BALADE EN AMÉRIQUE CENTRALE

Costa Rica

par Gervais D'Astous

Qui n’a pas rêvé du Costa Rica, véritable paradis du plein air, de ses montagnes, de ses volcans spectaculaires, de ses parcs nationaux si différents l’un de l’autre, qui font presque quinze pour cent de la superficie du pays, de sa faune ( le pays compte huit cent cinquante espèces d‘oiseaux), de ses plages vierges à perte de vue?

Dès la traversée de la frontière, nous constatons que le niveau de vie est beaucoup plus élevé que dans les autres pays que nous avons traversés.

 

 

 

 

 

Nous nous arrêtons à Liberia, d’où nous visitons les environs. Pour notre première visite, nous découvrons le «Parque Nacional Santa Rosa». L’un des plus visités, ce parc est l’hôte de l’hacienda Santa Rosa, qui marqua l’histoire du pays, et qui date du XV111e siècle. Ces propriétaires terriens vivaient dans le grand luxe.

 

 

 

 

 

 

Bien que difficile d’accès, deux heures pour négocier vingt km, le Parque Nacional Rincon de la Vieja vaut l’effort.  C’est notre premier contact avec la nature en folie. Nous voyons des fumerolles, un petit volcan en activité, des étangs ou l’eau bout comme dans une marmite, des bassins de boue bouillant à gros bouillons, des geysers, des chutes et une flore spectaculaire. Il est impératif des rester dans les sentiers qui sont très bien délimités. À une époque, le volcan Rincon de la Vieja crachait si souvent de la lave, qu’il servait de phare aux bateaux naviguant sur le Pacifique.

 

 

 

Notre prochaine destination: Samara. C’est la région qu’ont choisie de nombreux Québécois pour y installer leurs quartiers d’hiver. Les plages de la région sont magnifiques et très peu fréquentées. De Samara, nous visitons cette région que l’on nomme Guanacaste. Un jour, la rumeur courut que nous pouvions voir, la nuit, des tortues sur la plage du Refugio Nacional de Fauna Silvestre de Ostional, situé à environ cinquante km de Samara. Nous devons, pour nous y rendre, emprunter une route qui n’a de route que le nom. Nous devons traverser à gué cinq ou six rivières. Il vaudrait mieux conduire un quatre roues motrices. Nos efforts sont récompensés au centuple. Des milliers de tortues Ridley sortent de l’eau pour venir pondre et enfouir leurs œufs dans le sable chaud de la plage. C’est du jamais vu. Habituellement, si l’on est chanceux, il en sortira dix à douze par nuit. Des amis qui demeurent au Costa Rica depuis quinze ans, n’ont jamais eu la chance d'en apercevoir .

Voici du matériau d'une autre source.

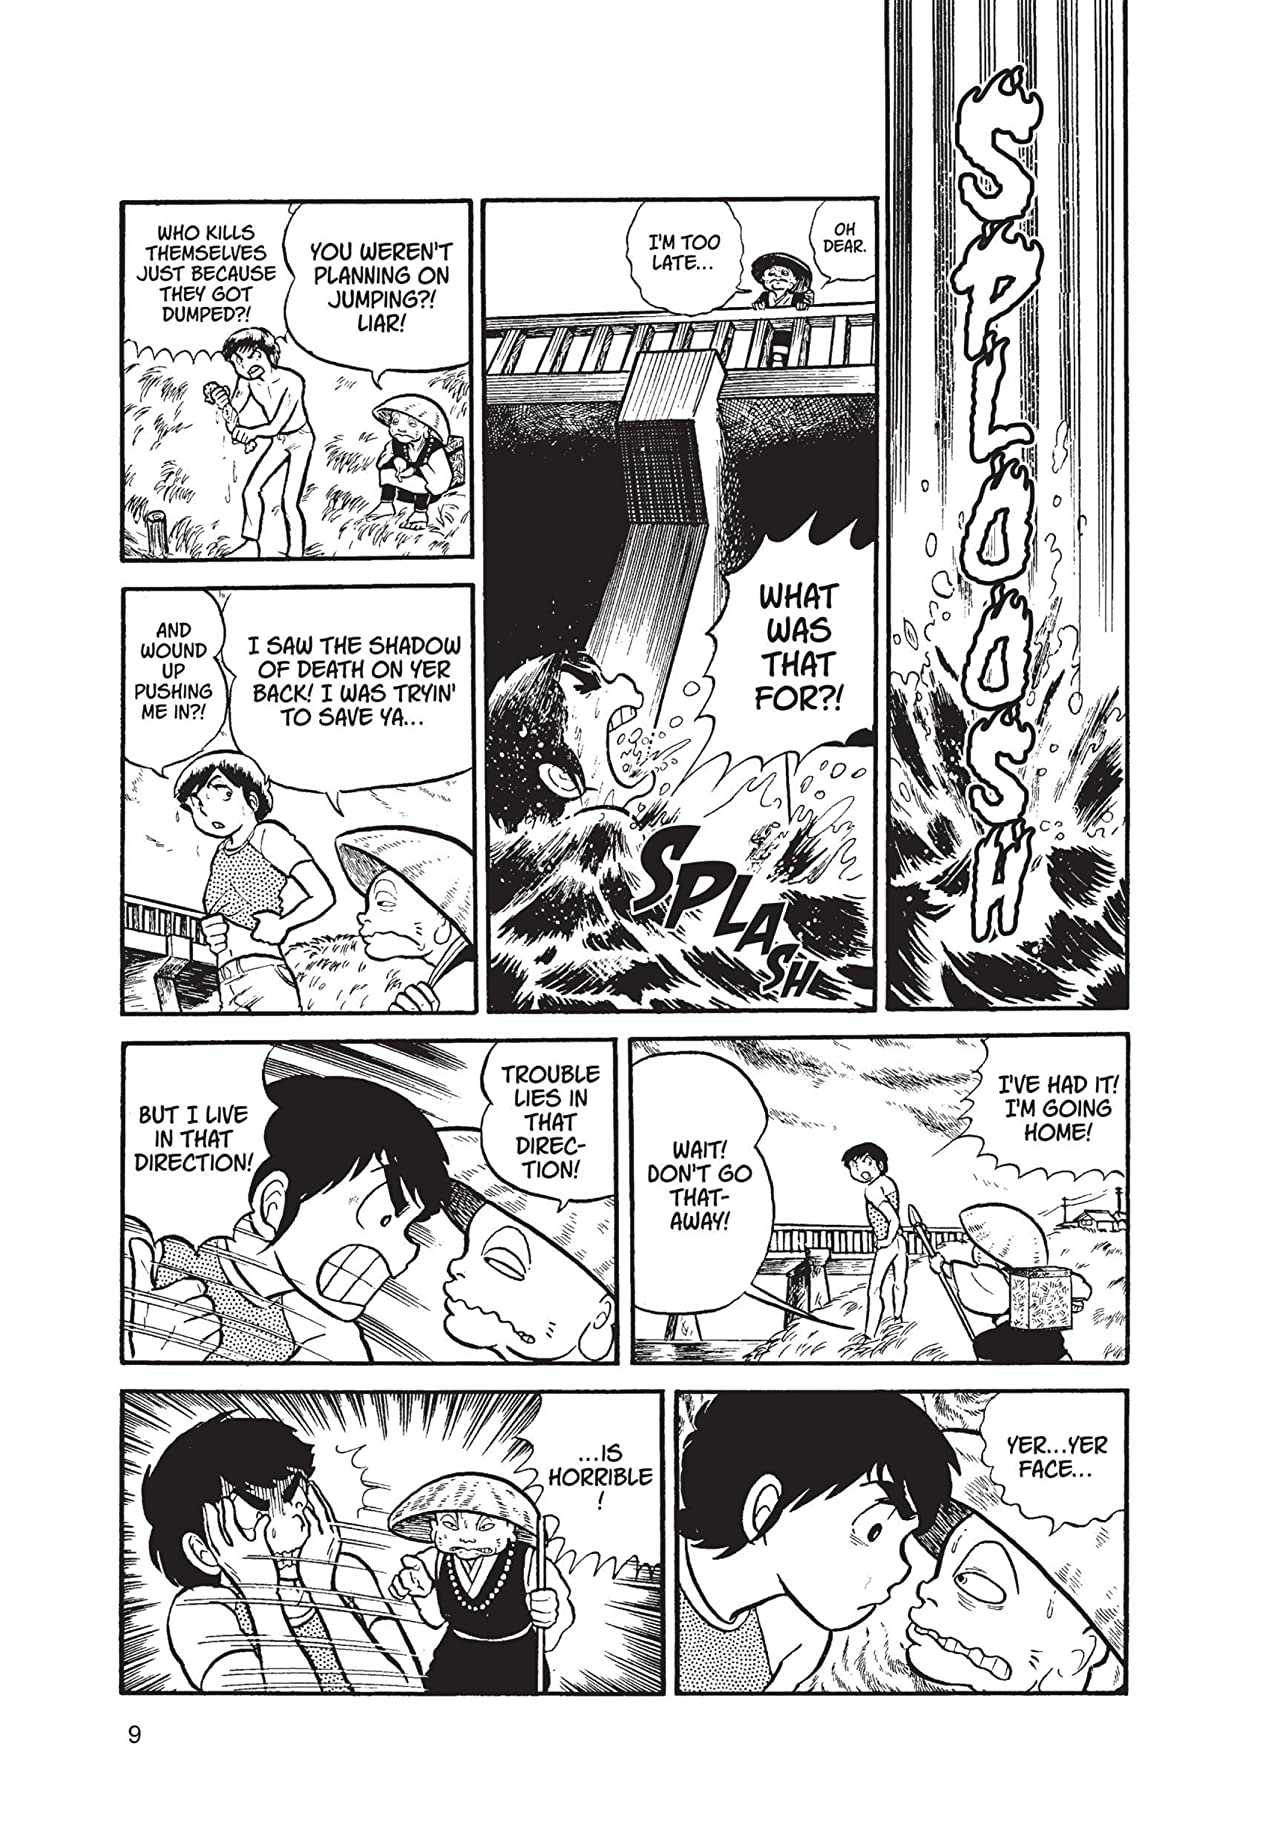 Urusei Yatsura Vol. 1

Nous, nous rendons ensuite à Montezuma, à la pointe sud-est du Guanacaste, et à l’entrée du parc Cabo Blanco. Depuis les années soixante, Montezuma est l’endroit favori de tous les hippies, freaks et granolas de la planète. Une odeur acre flotte dans l’air dès le soleil couché. C’est l’endroit idéal pour y observer la jeune faune touristique.

Nous quittons tôt le matin afin de ne pas rater le traversier Puntarenas Paquera qui nous amènera de l’autre coté du golfe de Nicoya pour ensuite continuer notre route jusqu’à Esterillos Este, près de Jaco Beach et du Parque Nacional Manuel Antonio. Nous demeurons dans une auberge, propriété d’une famille québécoise. Au Costa Rica, vous pouvez demeurer dans des établissements tenus par des Québécois partout ou presque. Nous relaxons quelques jours sur la magnifique plage de l’auberge. Nous en profitons pour faire des randonnées dans les montagnes des environs. Les paysages, la flore ne cessent de nous épater. Une très mauvaise route de terre nous conduira, via Quepos, jusqu’à Playa Tortuga et Ojochal. Là encore, de nombreux Québécois ont élu domicile. Malgré la beauté des lieux et la gentillesse des gens, nous continuons notre route en faisant un détour vers San Vito dans le seul but d’admirer les paysages extraordinaires de la région.

 

Chemin faisant, nous faisons un arrêt à Palmar Sur pour admirer des boules de pierres précolombiennes, parfaitement sphériques, dont certaines ont plus de 4 pieds de diamètre. Personne ne sait comment elles ont été fabriquées ni par qui et pourquoi.

 

Il ne faut pas manquer de visiter le Wilson Botanical Garden de San Vito. Ce jardin botanique est reconnu par l’Unesco et il possède une collection de 700 types de palmiers, la plus vieille herbe de la planète. Plus de 3000 espèces de papillons virevoltent dans le jardin. C’est à voir sans faute.